Anyways, seen, heard or experienced a lot, People like to judge other people. “They say” is the most important thing somehow. but these people are we, that they do not even realize. at one point you realize that you judged many and many judged you. Again what matters is, what you feel for yourself. if you are ready to be judged and disturbed then your life is screwed totally. I faced it a lot and when I realized how depressing it is, I stopped (just speak up or leave). I stopped getting tensed with the feeling that somebody may judge me. you know what it brings? It brings life to you. and you start taking your decisions.

One day you know the fact that your life is yours and others too have a life, then you understand one thing  “Carpe diem” means “Seize the day”. I fail in this always. But at least I give it a try now.

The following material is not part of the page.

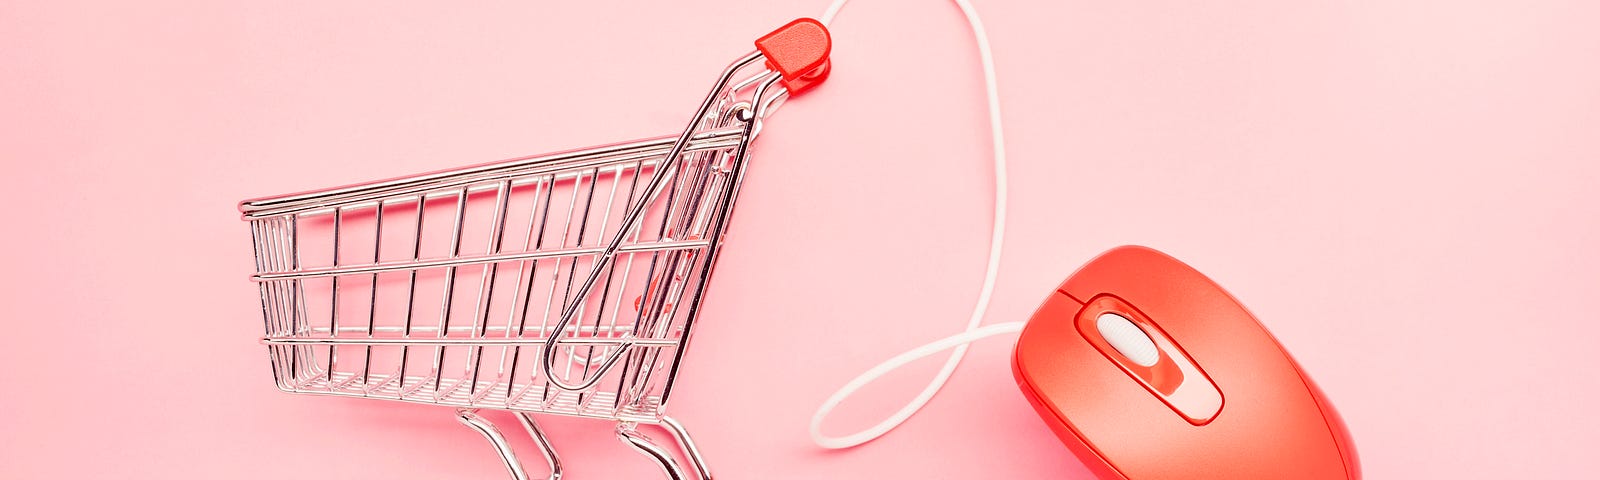 A small shopping cart and red computer mouse on pink background, symbolizing online shopping.

And yes, to give a try to this you have to face many things before and come out of that. especially losses and disappointments.

Simple funda to understand this is very simple, that Good things don’t come easy. but at least I can make a path for it though. In the end, I am the only responsible person in my life. Not my job, not the people who made me feel bad and disappointed for many things. They were doing their jobs as per their nature and character. I must understand one thing that I must Take care of my health early. cause this will pay me. I can only work and give myself a secure life after a particular age if I live till then. But one condition, my work should remain my hobby so that I can enjoy it but no one should take advantage of it. I may not work for money but I must not settle for what not I meant for. I must value myself.  Like my parents, I may not be able to secure so many things. But surely dignity and selfless happiness will.

This dignity and selfless happiness will make every moment count. Cause I will be able to enjoy everything that I am doing and involved in. and after all making every moment count means a lot. You live in that, then why waste them. If you are able to make it count, you will surely be able to live and let others live. Isn’t it funny? You are not able to see the happiness of others, why? Because you are not happy. Simple !! Once you find peace and Happiness for self, the happiness of others becomes a reason to be happier. This is how one can live and let others live. 

Living your life with all your will makes you flexible with your goals. Most of the time you get hurt when you are unable to reach your goals. Why, because you are not ready to be flexible. But once you opt for life, you can.


My birthday is my favorite day. I say this and mean it. I always want to do something special with it. I don't remember the day I was born but I feel that each birthday should have some memory or other. This added value in the number is also adding value to my experiences and I am happy that I am alive. Who lives, that one can have stories to live after too.

A scientific calculation can be a definition for life, “For every action, there’s an equal opposite reaction” isn't it? This Birthday I am keeping in my mind for a lifetime. It is like tying a knot to remind myself that whatever I will do will come back to me. And whatever others will do it go back to them. So, I need not require to think about them but myself, Big Yes !! 

I may not connect the dots but I will love to live with all my rules and regulations of happiness. Birthday can become happy when I feel happy that I am born. I will change with every shock, loss, gain, age, and so on … but will keep in mind that Something Changes, Always Changes, and will keep on Changing. !!